Starting at the line that contains "MoonWorks Print-Shirt Print", copy every line to the end of the material below exactly, and omit the pictures.

--- INPUT DATA ---
+ + + + + + +

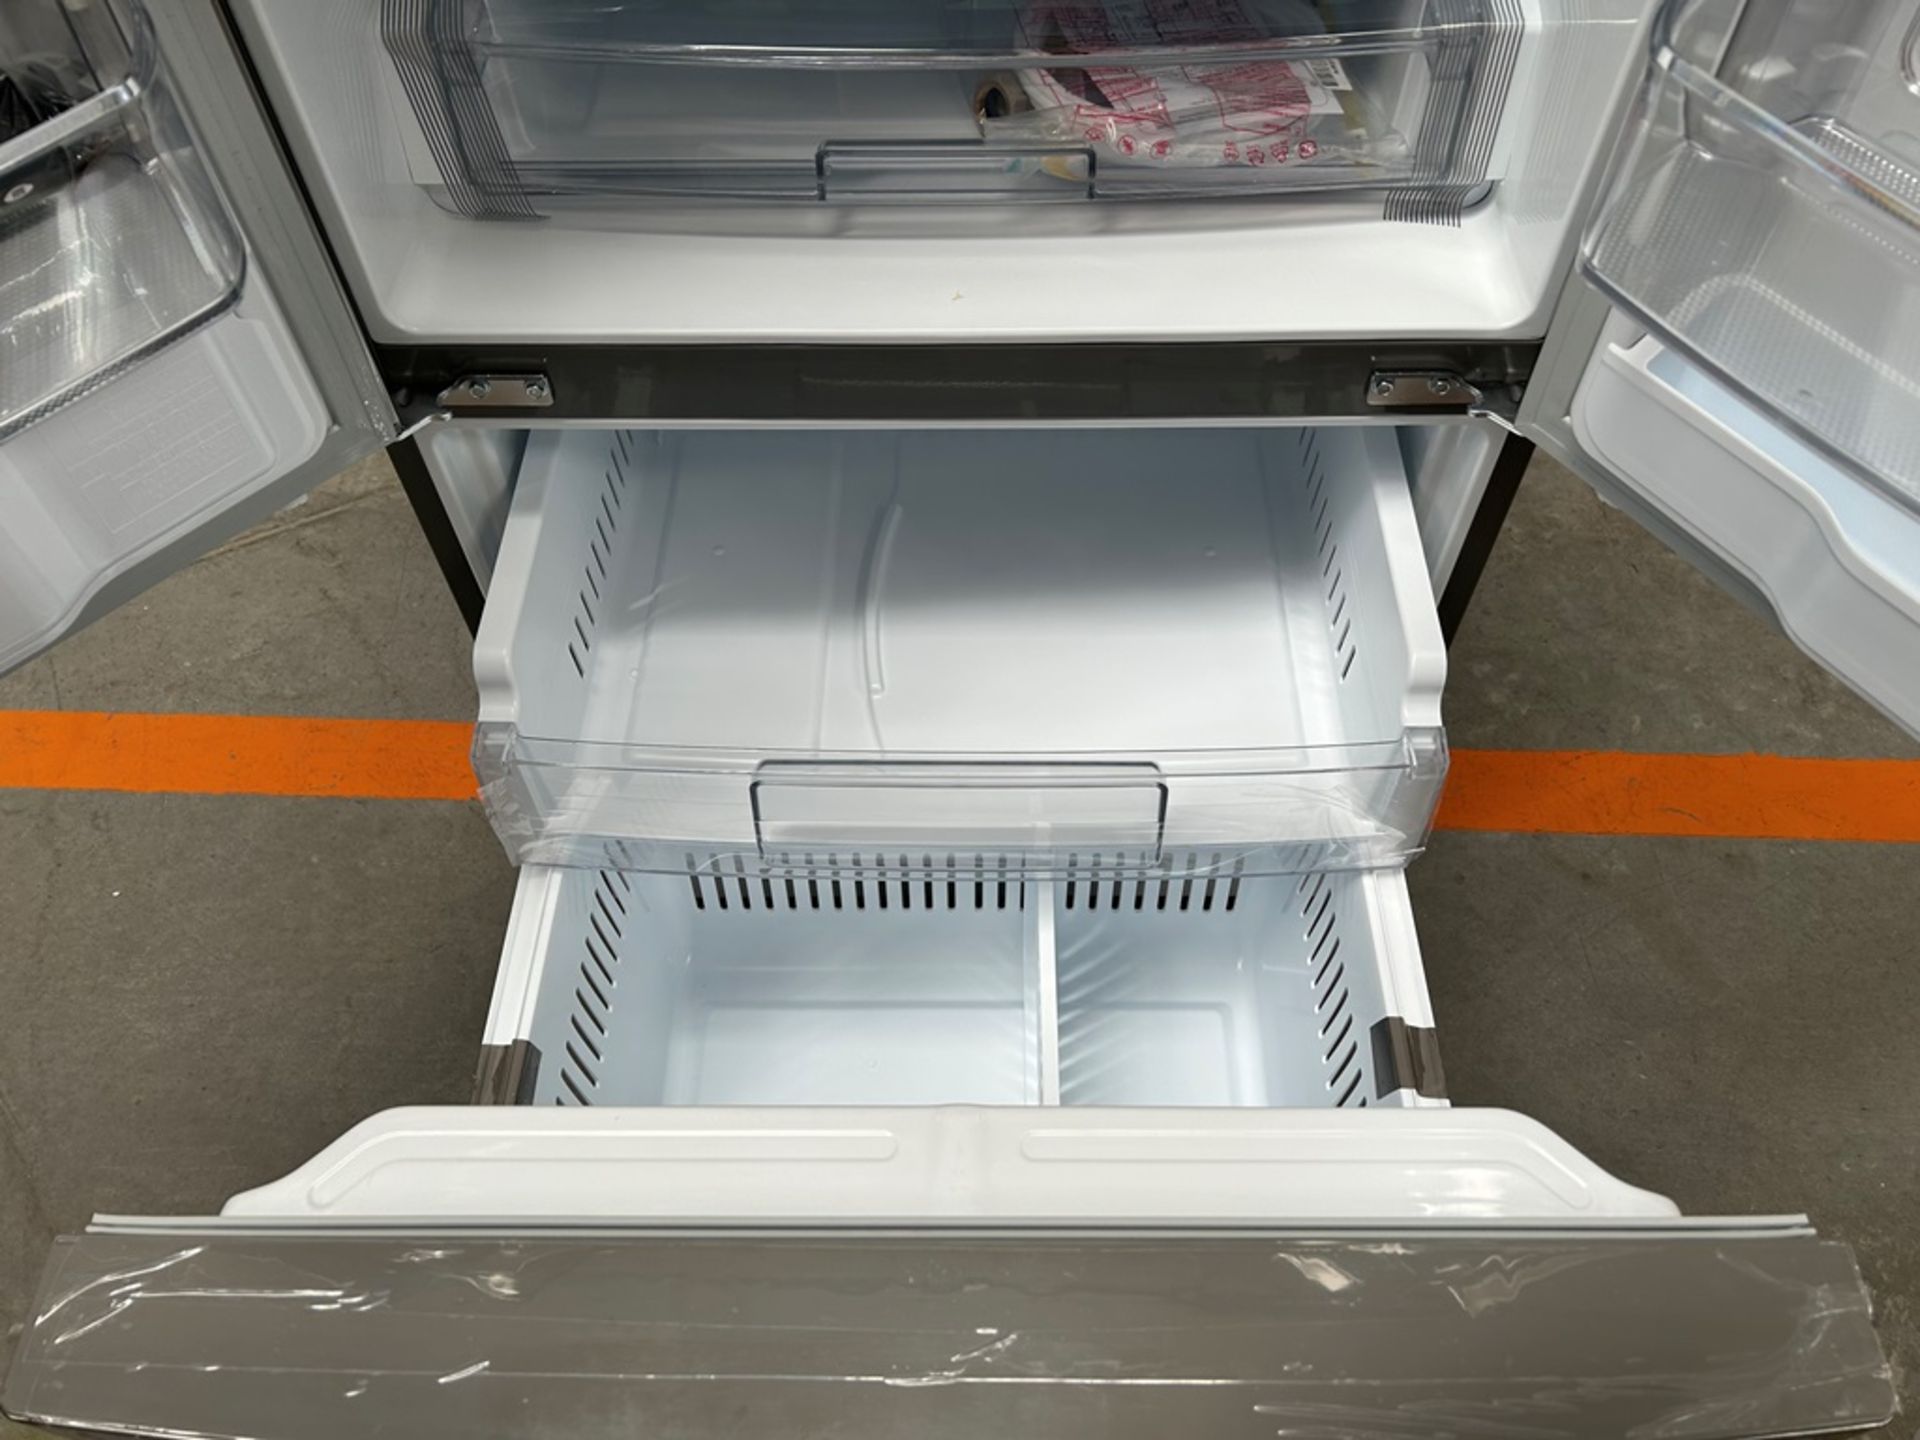 (NUEVO) Refrigerador con dispensador de agua Marca LG, Modelo GM22SGPK, Serie 28061, Color GRIS - Image 8 of 11
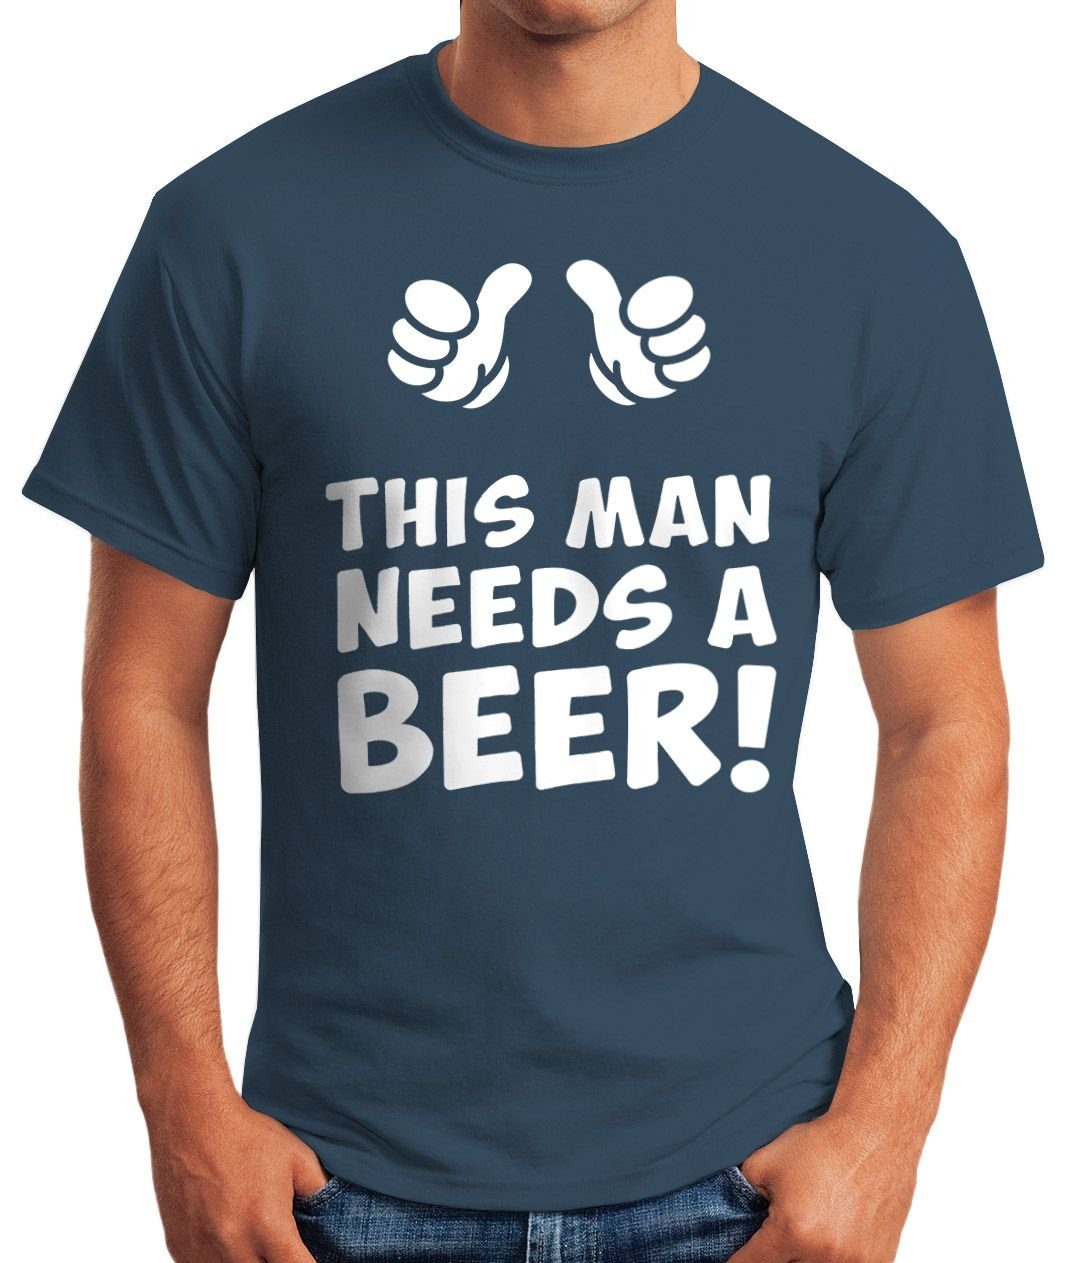 MoonWorks Print-Shirt Print Herren Moonworks® man T-Shirt a needs This blau mit beer Bier
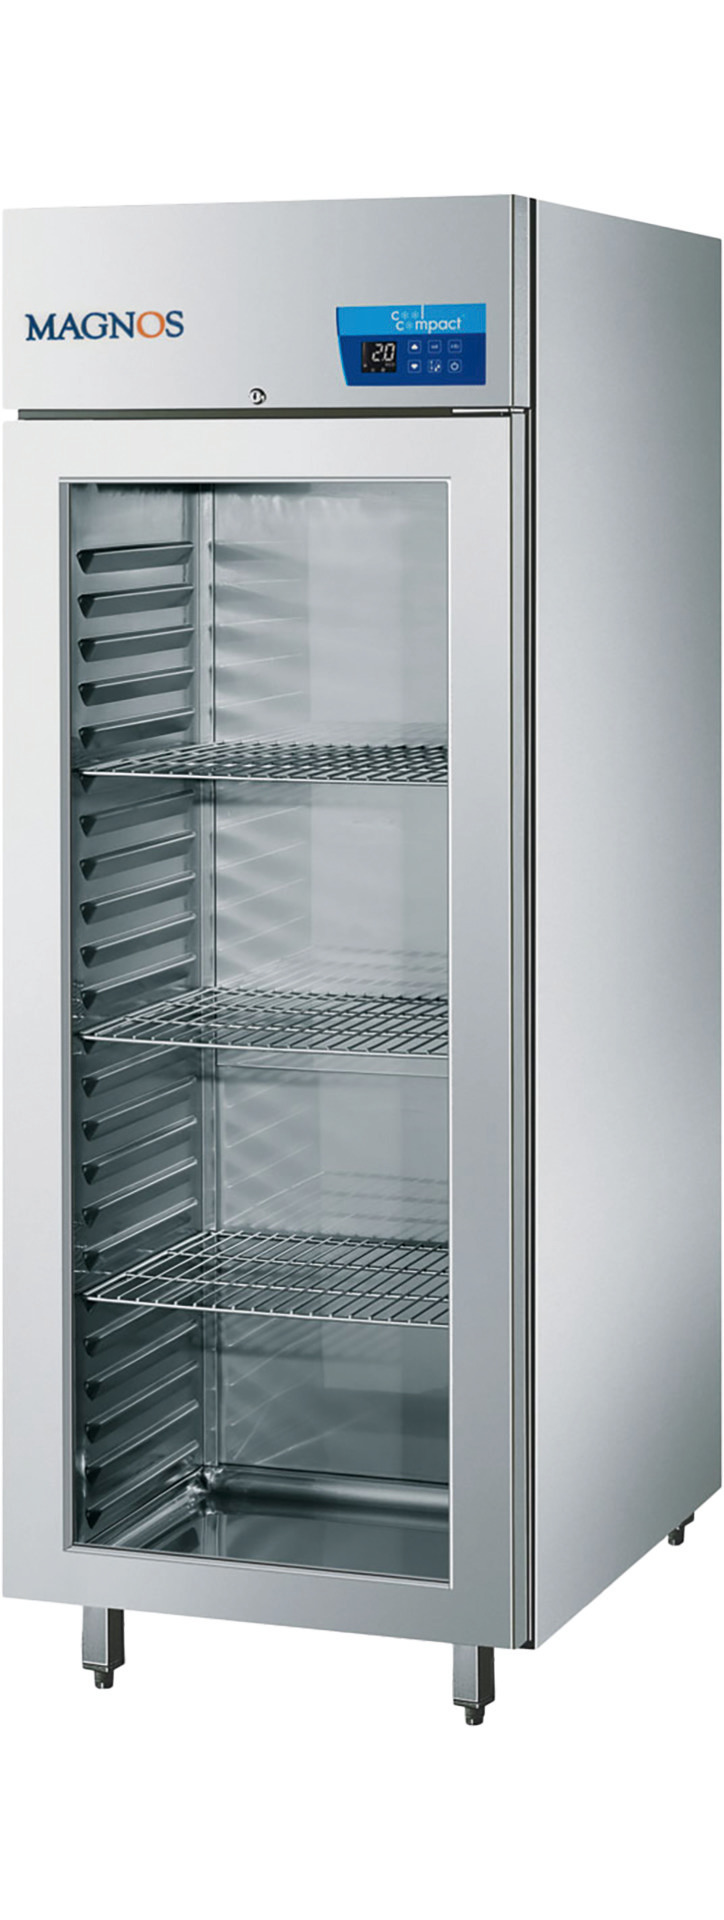 Umluft-Glastürkühlschrank 23 x GN 2/1 / zentralgekühlt

+ + + + + + +

--- REPLY ---
 MoonWorks Print-Shirt Print Herren Moonworks® man T-Shirt a needs This blau mit beer Bier
 Umluft-Glastürkühlschrank 23 x GN 2/1 / zentralgekühlt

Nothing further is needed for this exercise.